#### Assignment
From the line that holds "Roberta Einer时" to the last line below, retype everything exactly and nothing else; omit pictures.

#### Supplied material
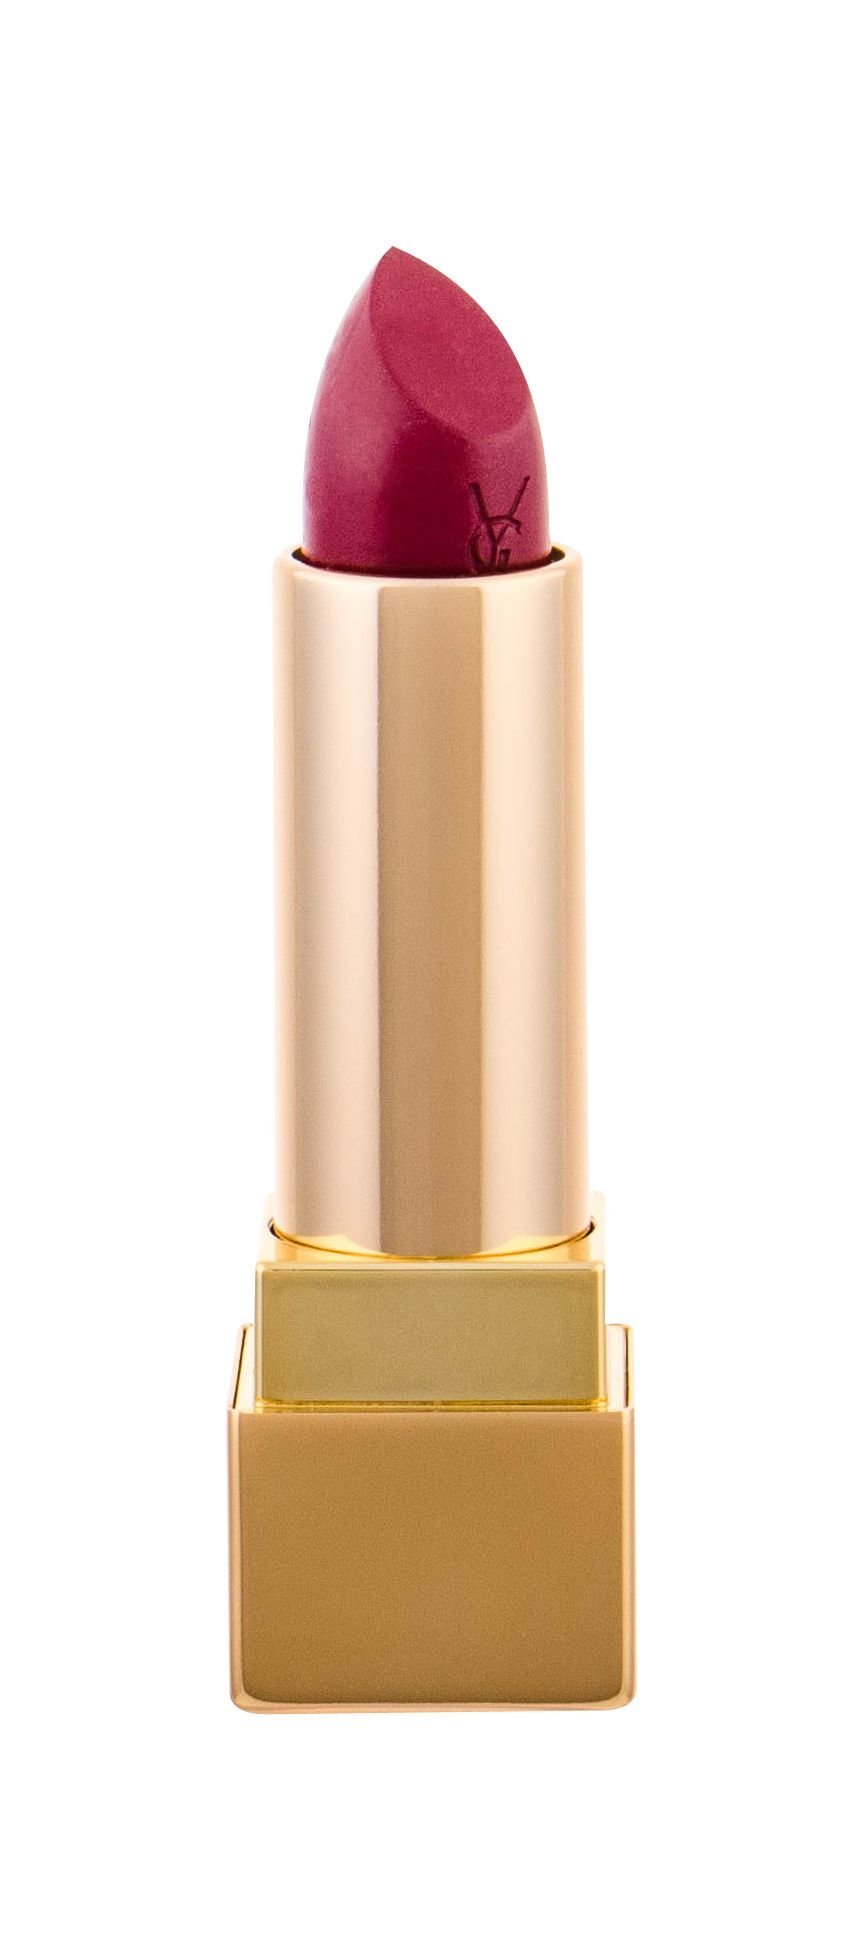 Yves Saint Laurent Rouge Pur Couture Lipstick 3,8ml 09 Rose Stilleto
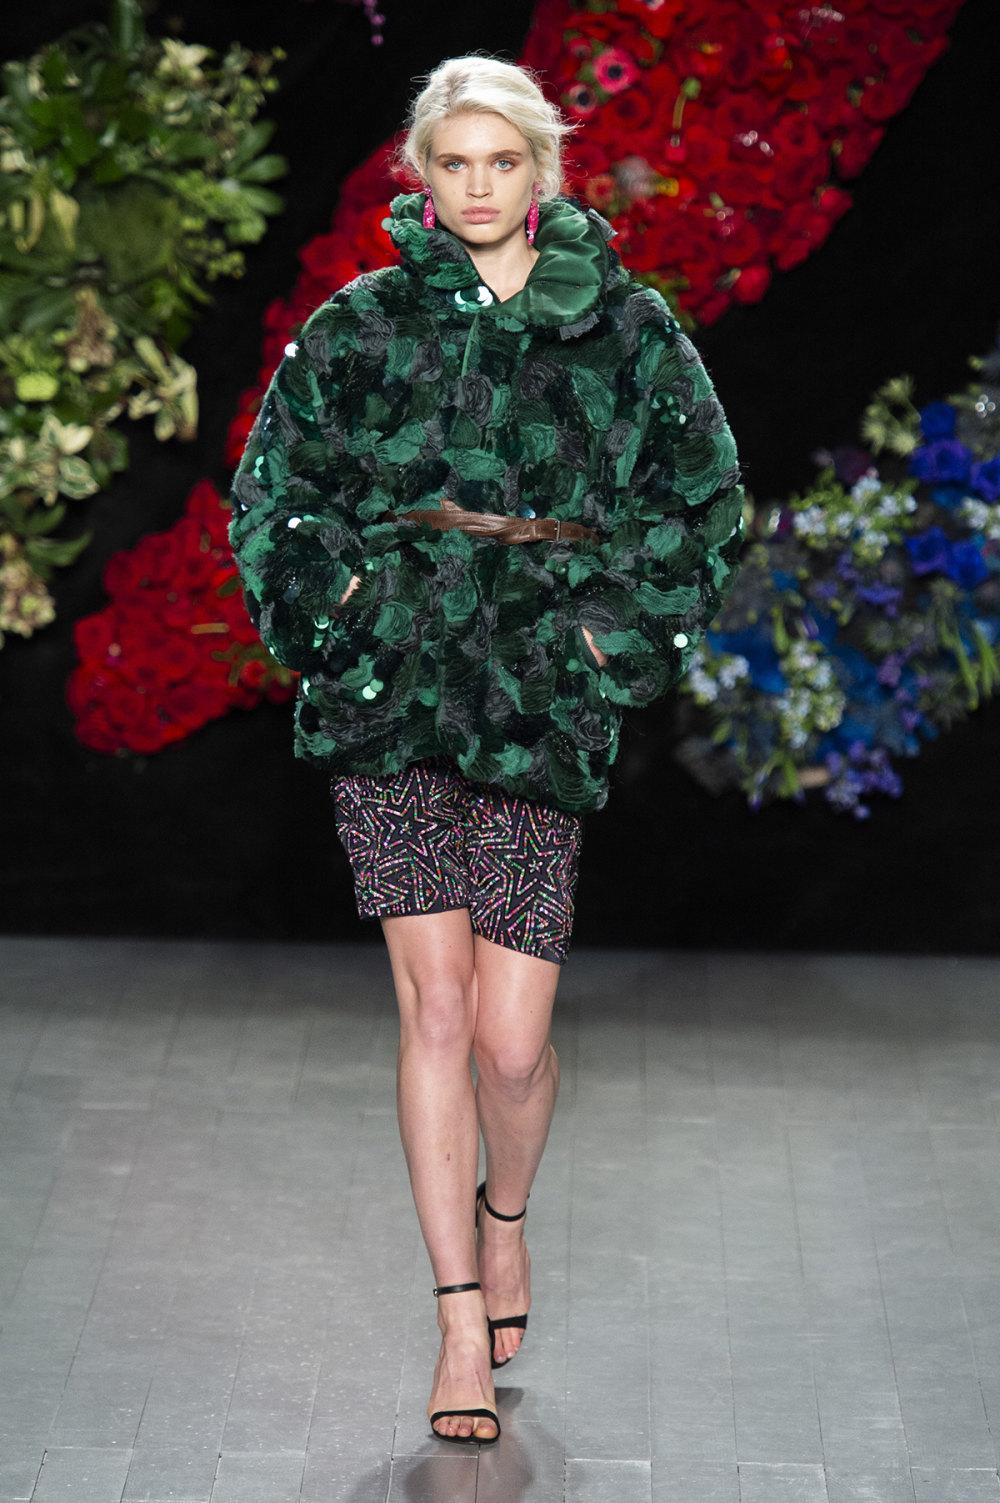 Roberta Einer时装系列格子呢西装外套收紧腰部霓虹色腰带连帽衫-22.jpg
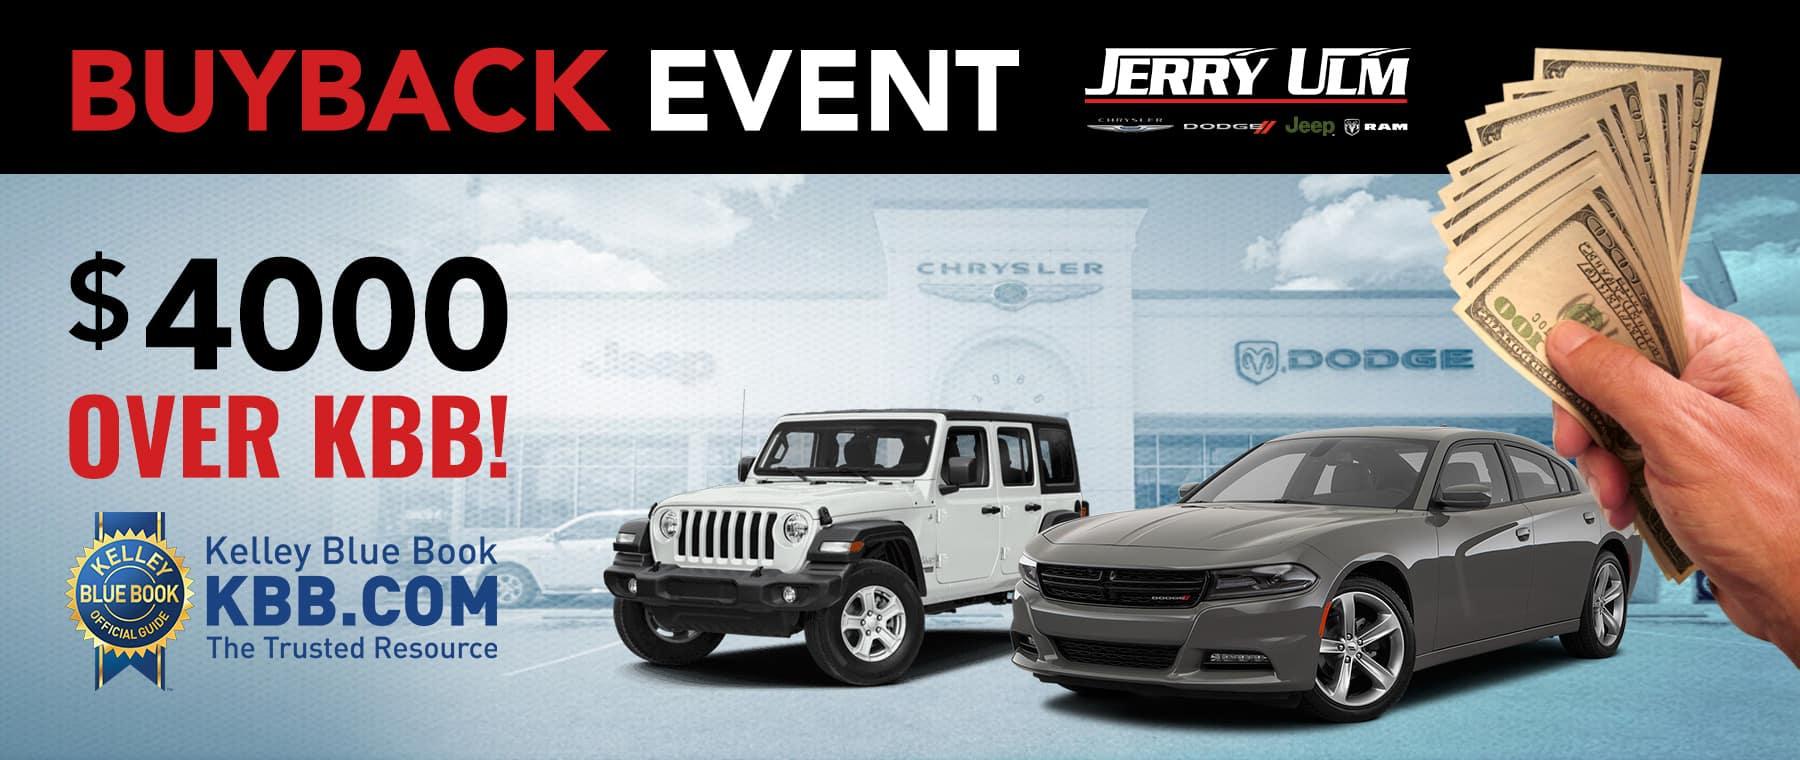 Kbb Com Cars Value >> Buyback Event Jerry Ulm Chrysler Dodge Jeep Ram Tampa

#### Exercise response
 Roberta Einer时装系列格子呢西装外套收紧腰部霓虹色腰带连帽衫-22.jpg
 Kbb Com Cars Value >> Buyback Event Jerry Ulm Chrysler Dodge Jeep Ram Tampa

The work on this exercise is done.